The girl turned, waving, but Ben's voice drowned out hers. "We'll see you later," he called in a gay voice. "We can't come back now."
"Come back!" Neilson called again. "I order you—"
He stared intently, hoping that the man would turn. Already they were practically out of hearing; and not even Beatrice was dipping her paddle in obedience to his command. Looking more closely, he saw that the man only was paddling.
Then his eye fell to the landing on which he stood, instinctively trying to locate the second paddle. It lay at his feet. A foolhardy thing to do, he thought, a broken paddle, out there above the rapids, would mean death and no other thing. Helpless in the current, the canoe could not be guided through those fearful gates of peril below. If by a thousandth chance it escaped the rocks, it would be carried for unnumbered miles into a land unknown, a territory that could be entered only by the greatest difficulty—packing day after day over range and through thicket with a great train of pack horses—and from which the egress, except by the same perilous water route, would be almost impossible. But the thought passed as he discerned the white paper that had been fastened in the paddle blade.
He bent for it with eager hand. He knew instinctively that it contained an all-important and sinister message for him. His eyes leaped over the bold writing on the exterior.
"To Ezra Melville's murderers," Ben had written. And with that reading Jeffery Neilson knew a terror beyond any experienced in the darkest nightmare of his iniquitous life.
It did not occur to him to bring the note, unopened, to Ray Brent. As yet he did not fully understand; yet he knew that the issue was one of seconds. Seconds must decide everything; his whole world hung in the balance. His hand ripped apart the sealed fold, and he held the sheet before his eyes.

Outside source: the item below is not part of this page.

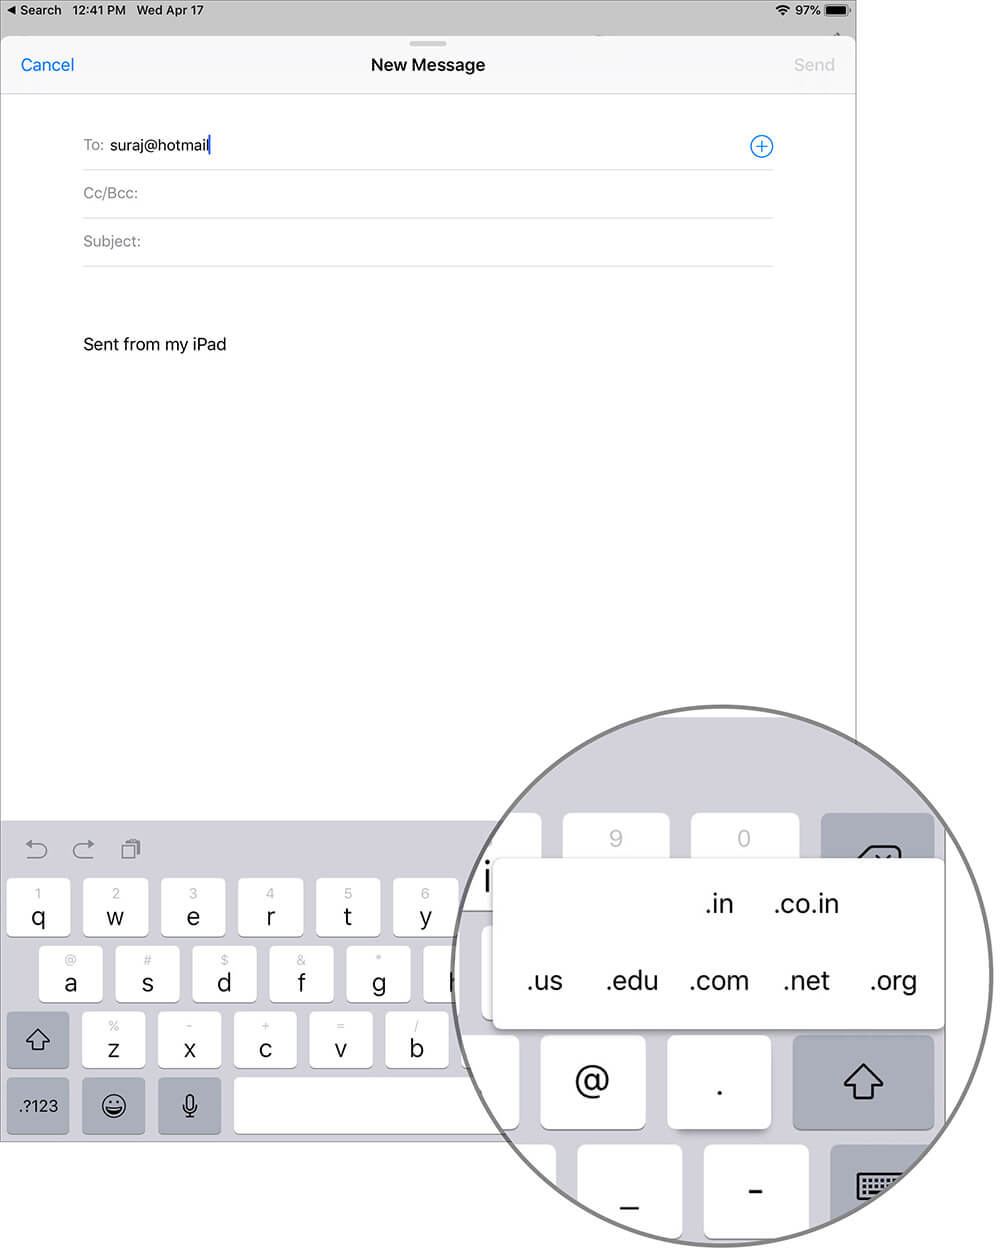 Access Top Level Domain Keyboard Shortcut in Mail app for iPad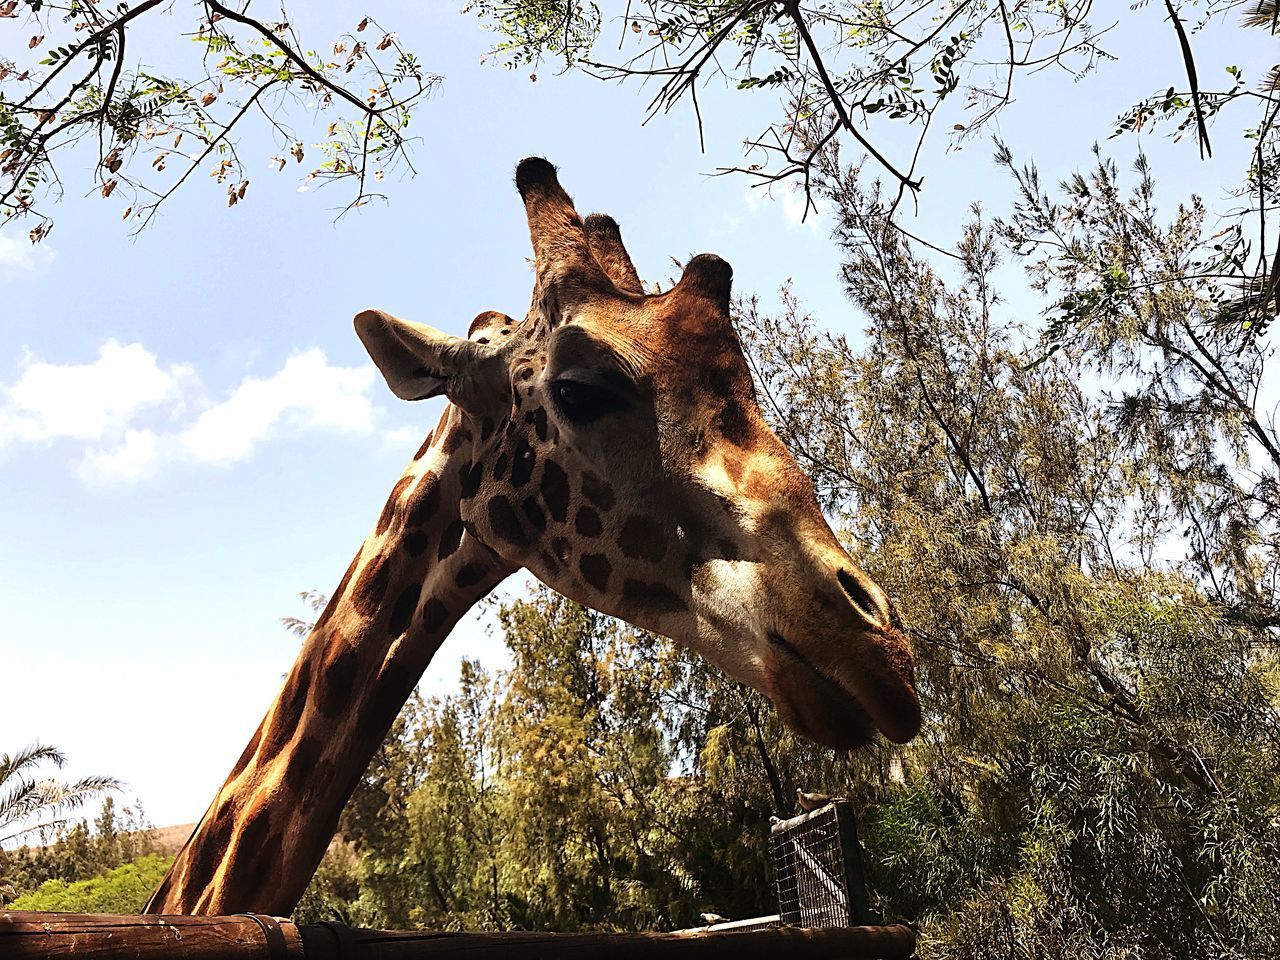 LOW ANGLE VIEW OF GIRAFFE AGAINST SKY

Possessing only an elementary education Jeffery Neilson was not, ordinarily, a fast reader. Usually he sounded out his words only with the greatest difficulty. But to-day, one glance at the page conveyed to him the truth: from half a dozen words he got a general idea of the letter's full, dread meaning. Ben had written:
TO NEILSON AND HIS GANG:—
When you get this, Beatrice will be on her way to Back There—either there or on her way to hell.